早上七点,我蹲在厨房水池边削土豆,刀刃贴着表皮转圈,金黄的碎屑扑簌簌掉进不锈钢盆。楼下的张奶奶又准时在窗台晾她那盆绿萝,水珠顺着叶子往下滴,正好砸中楼下停着的黑色轿车前盖。车主是刚搬来的年轻程序员,昨天还蹲在车边用棉布擦了半小时水渍,今天倒像没事人似的,抱着笔记本电脑钻进车里,车窗降下时飘出半句“这个bug必须今天解决”。
我端着削好的土豆往客厅走,路过玄关时瞥见鞋柜上摆着半盒没拆封的创可贴。那是上周小满摔破膝盖时买的,这丫头最近迷上轮滑,每天放学都要在小区空地滑两圈,护膝戴得歪歪扭扭,活像只笨拙的企鹅。昨天她滑到第三圈时突然刹不住车,直直撞上花坛边的冬青树,膝盖擦破一大块皮,哭得鼻涕泡都冒出来了,却死活不肯让我贴创可贴,说“轮滑选手不能有补丁”。

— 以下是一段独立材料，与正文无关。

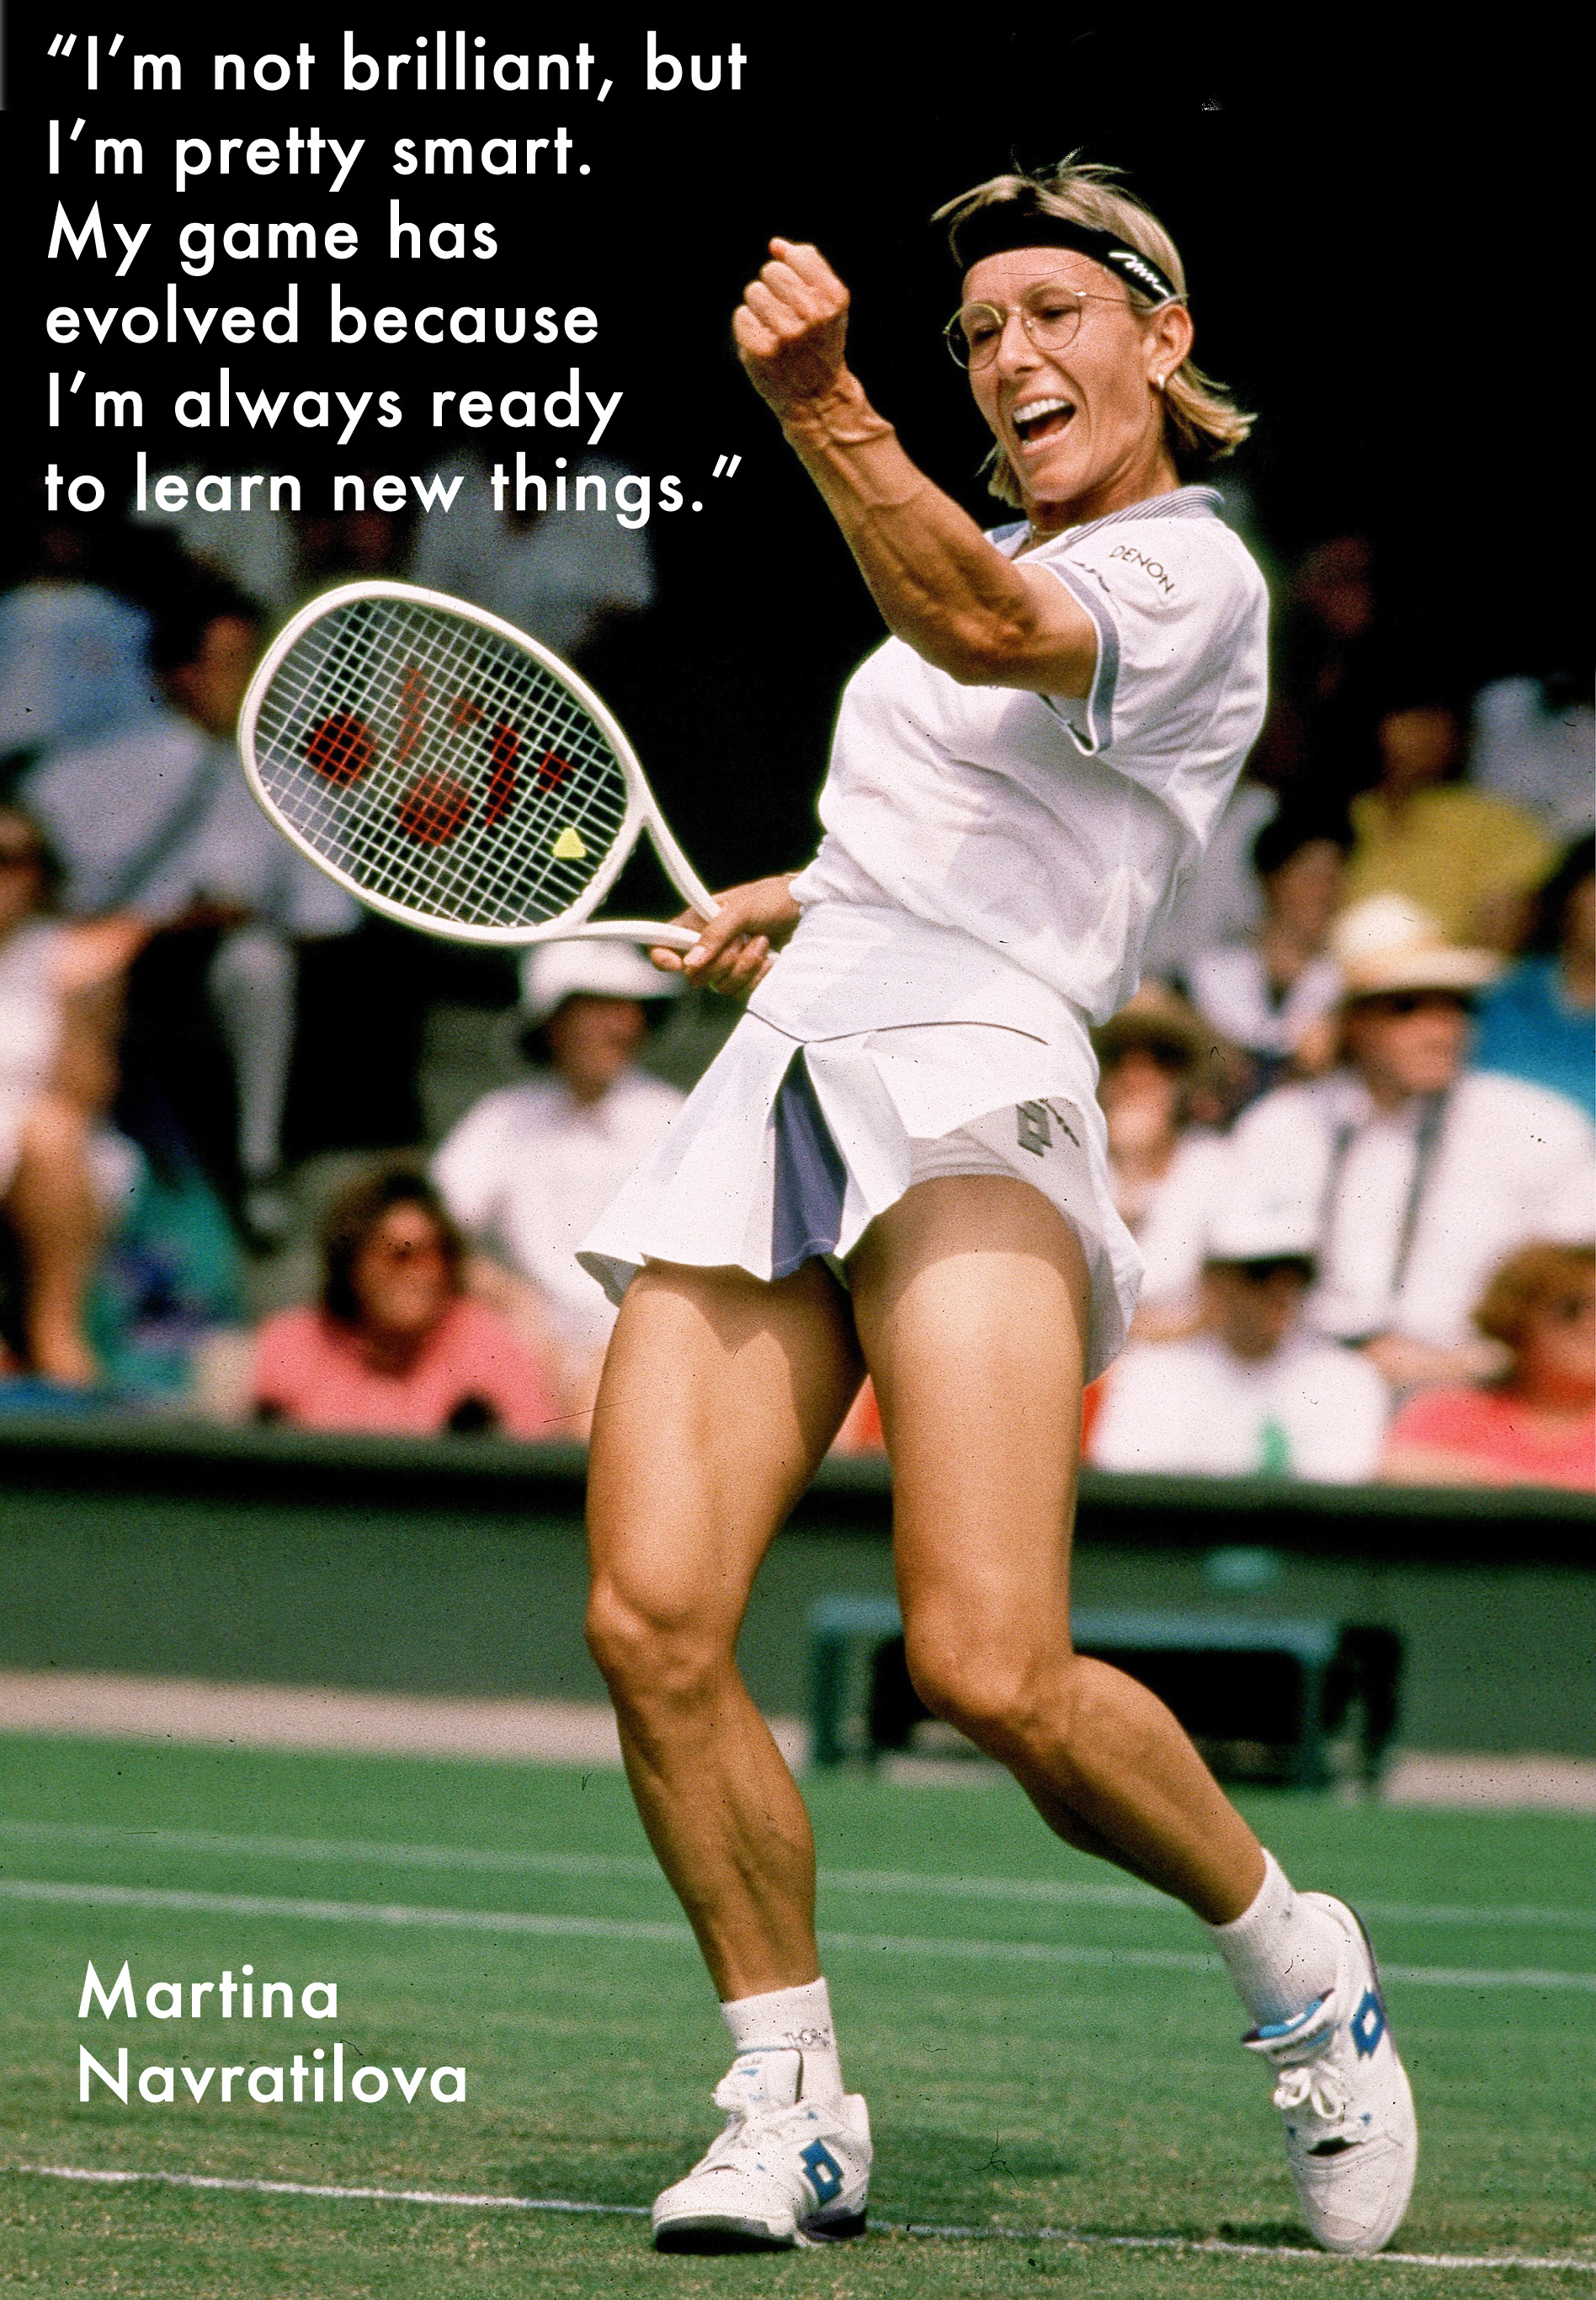 Martina Navratilova's quote #5
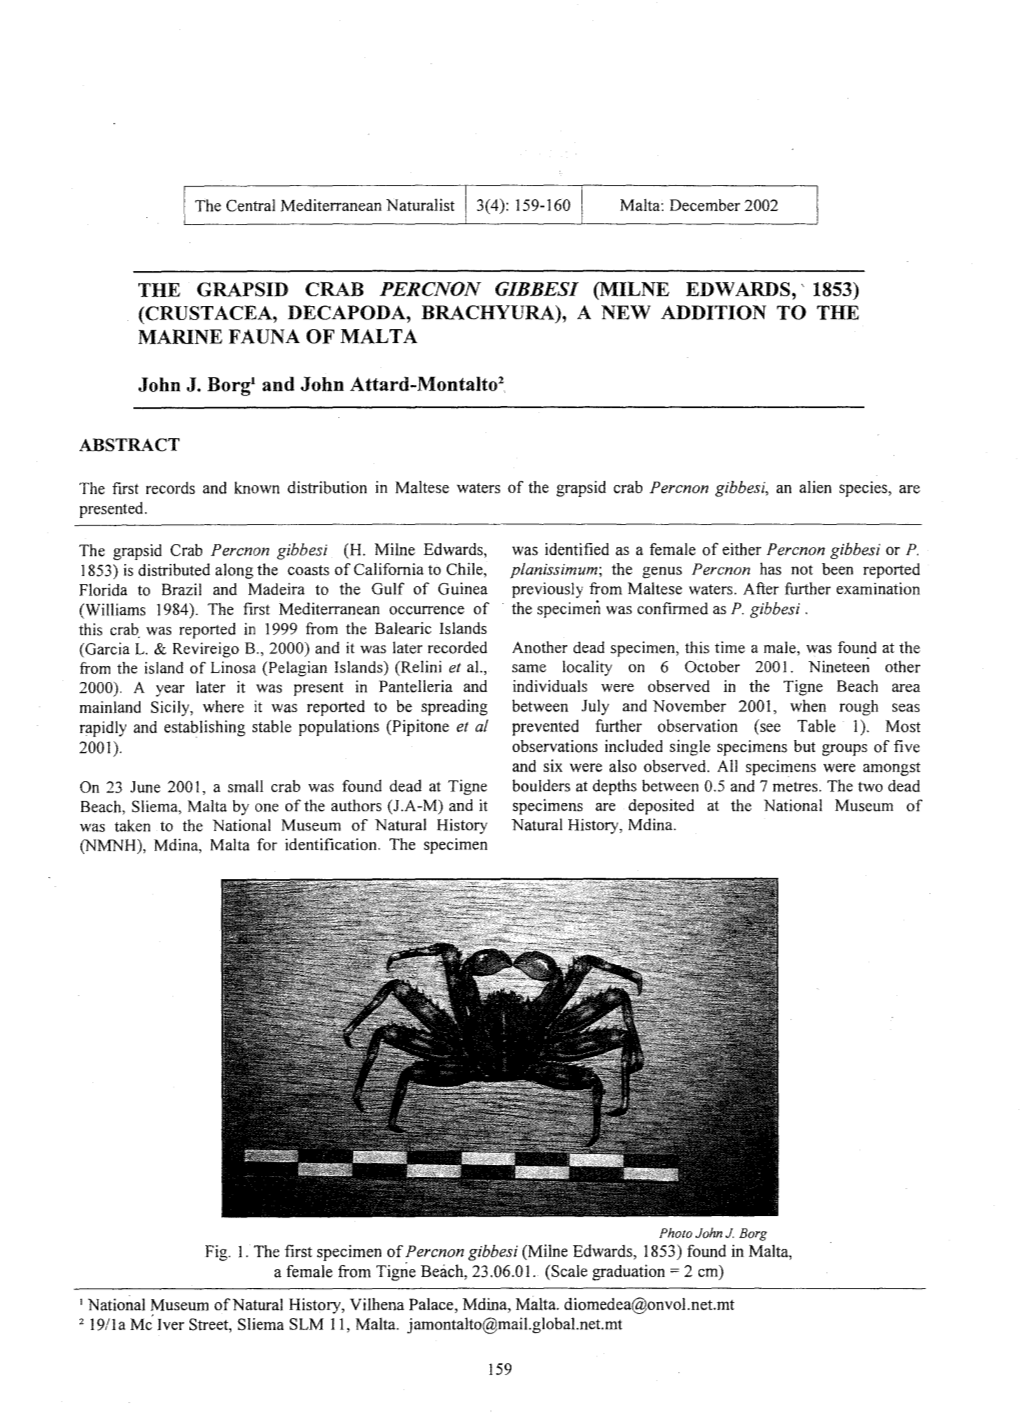 The Grapsid Crab Percnon Gibbesi (Milne Edwards,' 1853) (Crustacea, Decapoda, Brachyura), a New Addition to the Marine Fauna of Malta

“妈,我鞋带散了!”小满的声音从阳台传来,混着洗衣机滚筒转动的嗡嗡声。我探头看见她踮着脚够晾衣杆,运动鞋的鞋带垂在半空晃荡。她今天穿了件淡紫色卫衣,后背印着卡通恐龙图案,是上周在夜市淘的,三十块钱还送了双同色系袜子。我走过去帮她系鞋带,她突然说:“今天放学能去小卖部买跳跳糖吗?王小胖说他昨天吃了,舌头会跳舞。”
下午四点半,我站在学校门口等小满。梧桐树的影子斜斜铺在柏油路上,几个低年级孩子举着彩色风车从身边跑过,风车转得快了,发出“哗啦哗啦”的声响。穿黄色连衣裙的小女孩摔了一跤,膝盖沾了灰,却没哭,自己爬起来拍了拍裙子,又举着风车继续跑。她的妈妈蹲在五米外举着手机录像,嘴里念叨:“我们宝宝真勇敢,等会儿发家庭群。”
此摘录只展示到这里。